The Harm in People-Pleasing

"'Why do you make people more comfortable when you are uncomfortable?' when talking about people pleasing and fawning."

- ERsandwich

Agree to Disagree

"'Stop trying to get everyone to agree. When you need everyone to agree, the least agreeable person has all the power.'"

This really changed my outlook on planning family events."

- freef

Grieve and Start Anew

"For context, I had a major TBI (traumatic brain injury), seizures, strokes, and all around not a fun brain time when I was 28."

"They said, 'You have to grieve the loss of yourself.'"

"Most people wanted me to go back to how I was. The f**ked up truth is that part of my brain is dead. The person everyone (including myself) knew died. I needed to grieve the loss of myself."

- squeaktoy_la

Multifaceted Identity

"They told me that my job and career is just a way to make money; it's not my life or identity. That took a lot of pressure off me."

- unfairpegasus

Breaking the Cycle

"They validated me."

"'You always talk about not wanting to do to your daughters what your mom did to you. You worry about it so much in every interaction you have ever had with them."

"But your children are 19 and 21 now. They are happy and healthy and they trust you because you’ve never abused them in any way. So I just want to validate for you that you really have broken that cycle of violence."

"You did that. And you should be proud of it. I’m proud of you for it.'"

- puppsmcgee74

The Grieving Process

"I was constantly bringing up how I felt like a completely different person after my mom died... like there was a marked difference between before and after her death."

"But once, she was asking about my hobbies, I got really into describing all the things I loved to do or at least used to do before I got into a deep depression."

"She was like, 'Wow, you seem very passionate.'"

"And I just sat there like, 'Well, I mean, I can't change what I like to do, they're still fun to do.'"

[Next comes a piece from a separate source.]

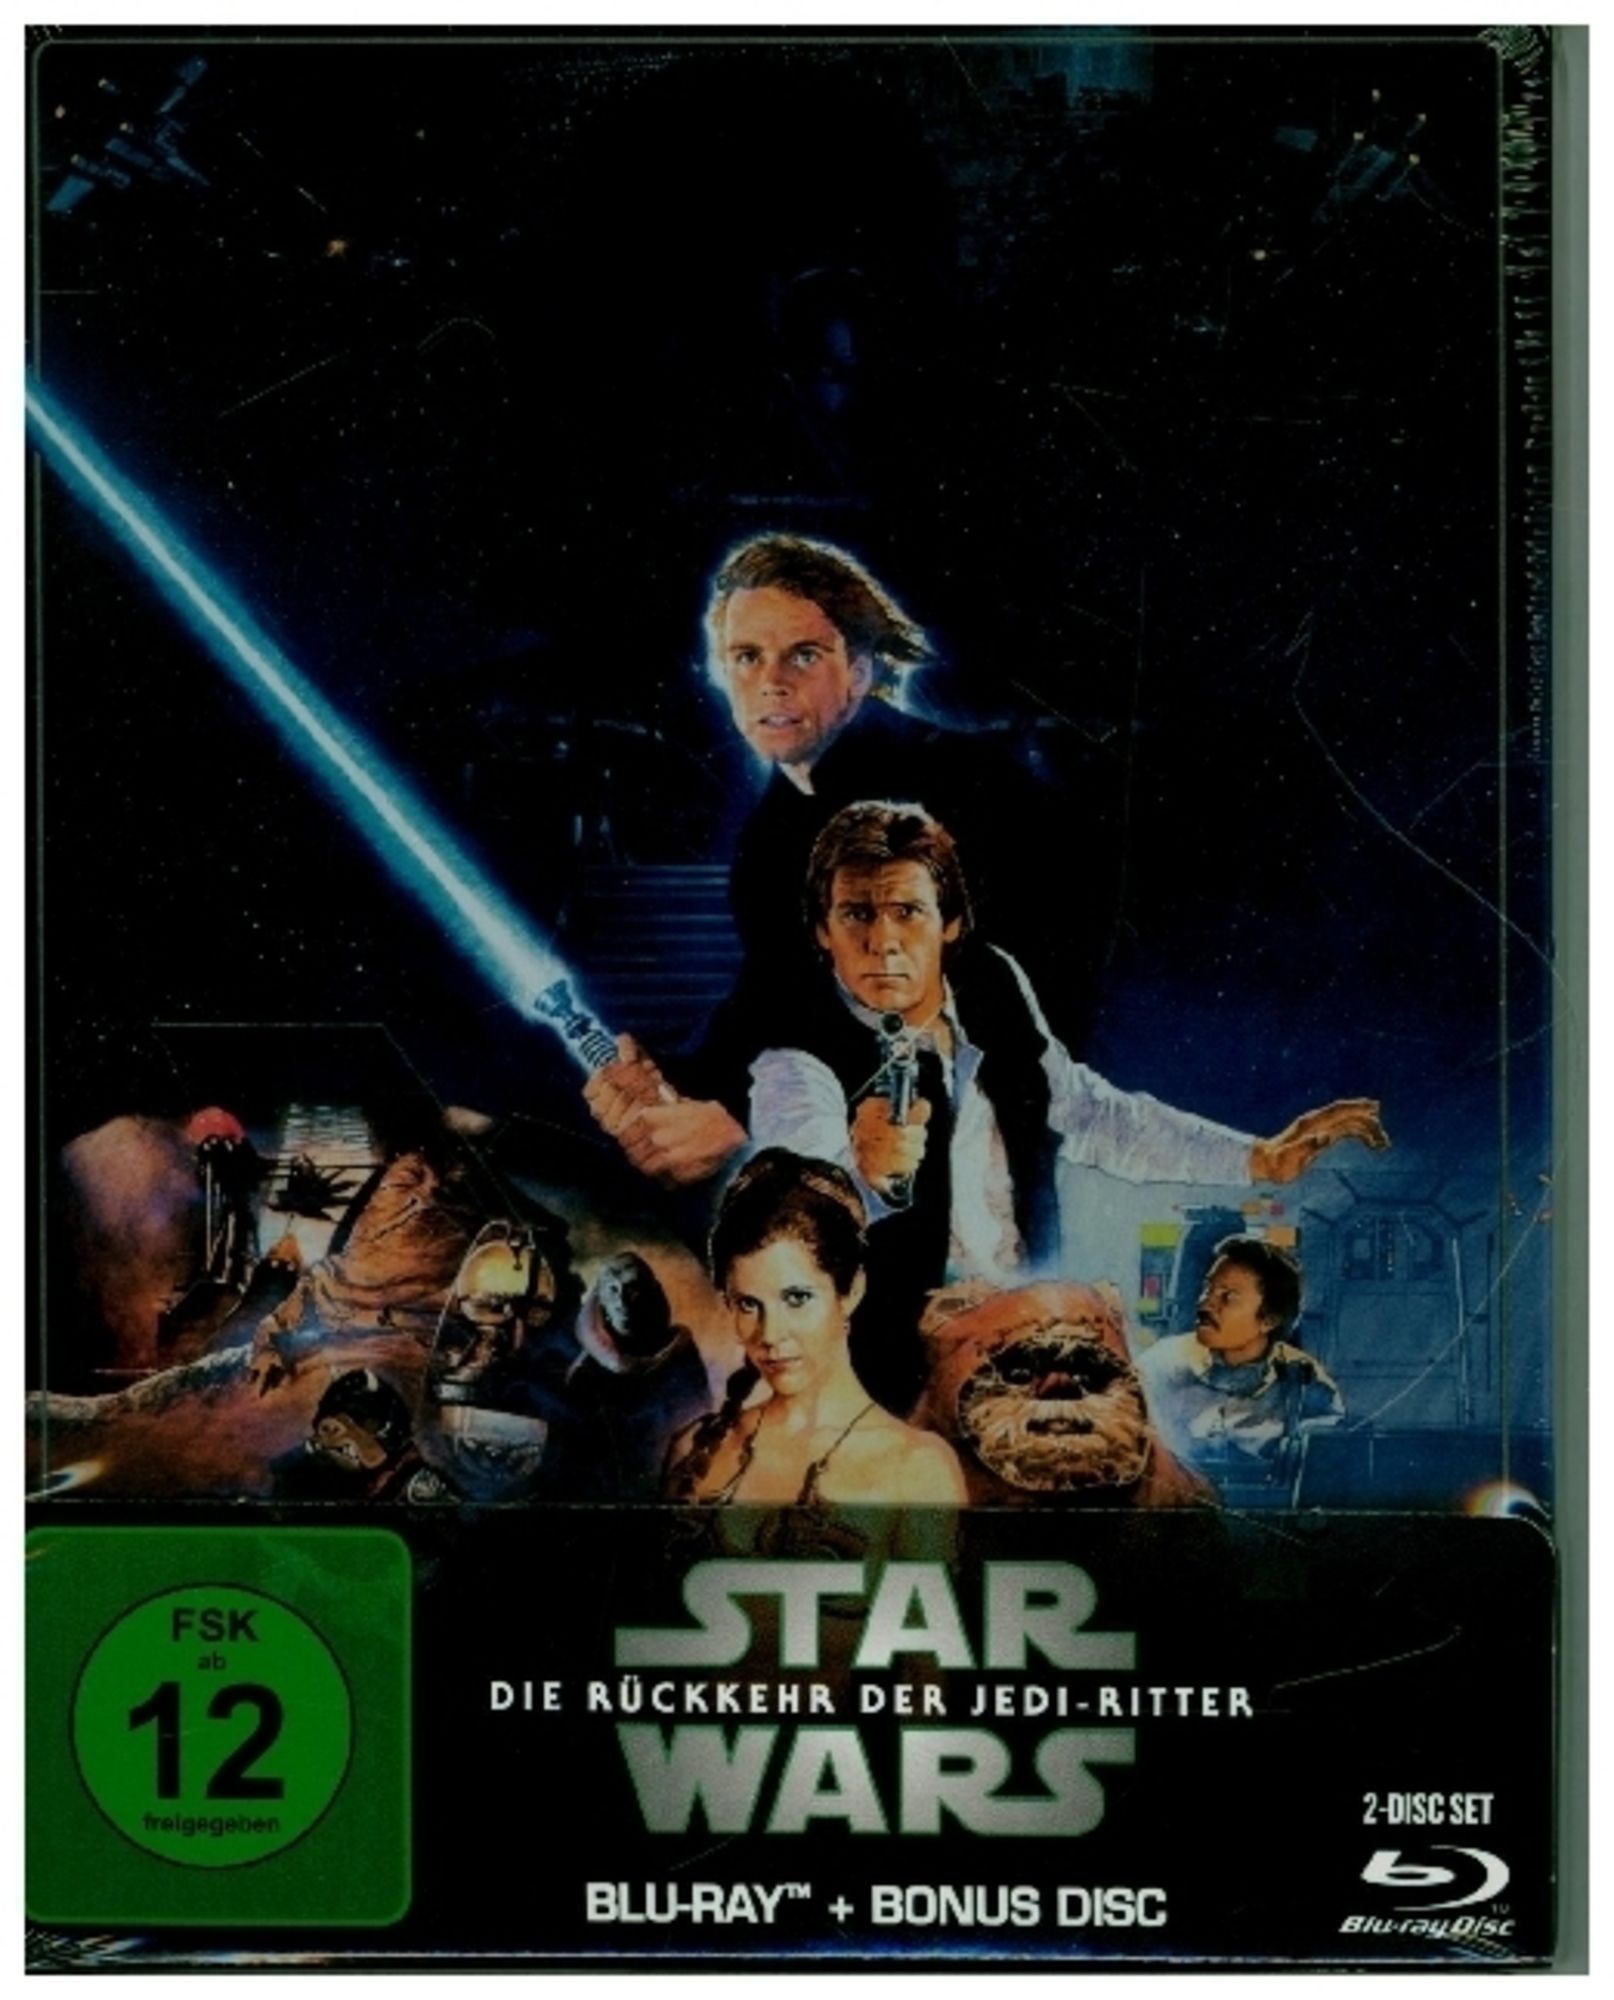 Star Wars: Episode VI - Die Rückkehr der Jedi-Ritter - Steelbook Edition ( Blu-ray)' von 'Richard Marquand' - 'Blu-ray

"And it's like she knew when to take a step back, because it was like, wow, I may be super depressed about my mom passing, but I'm still me. I'm still my passions and those don't go away."

"I don't know, maybe it only makes sense to be, but it really started getting me back on track."

- Hannibal680

Sharing the Load

"I've never really had friends. I've had colleagues and classmates and housemates and people who have hung out with me, but I never really felt close to any of them."

"And I did that thing you see on here sometimes; I stopped reaching out to see if I would be reached out to, and I wasn't, which I took as confirmation that they didn't really want me around, or at the very least, that they wouldn't mind my absence."

"I was talking to my therapist about people I'd been close to in college, and she told me to pick one and talk about him. So I did. After I shared some basic stuff like his name and his major etc., and a couple of anecdotes, she asked me what else I knew about him."

"And I couldn't answer. It wasn't really a broadly applicable bombshell, but she said, 'What else?' and I started crying because I realized that for as simple as the question was, my inability to answer spoke volumes."

"I've never had good friends because I've never been a good friend. I'm withdrawn and reserved and I always made others do the work to drag me out, without ever extending my own friendship in a meaningful way in return. If I wanted to have meaningful relationships with other people, I would have to build them."

"I'm still working on this, but I'm trying to make more offers and extend more friendliness to others in my daily life."

- Backupusername

The discoveries in this thread were incredibly touching and profound; it's no wonder these were lasting concepts for these Redditors.

It's important to keep ourselves open to inspiration and insights from others, as we have no idea how their experiences could help us, or how we could help them.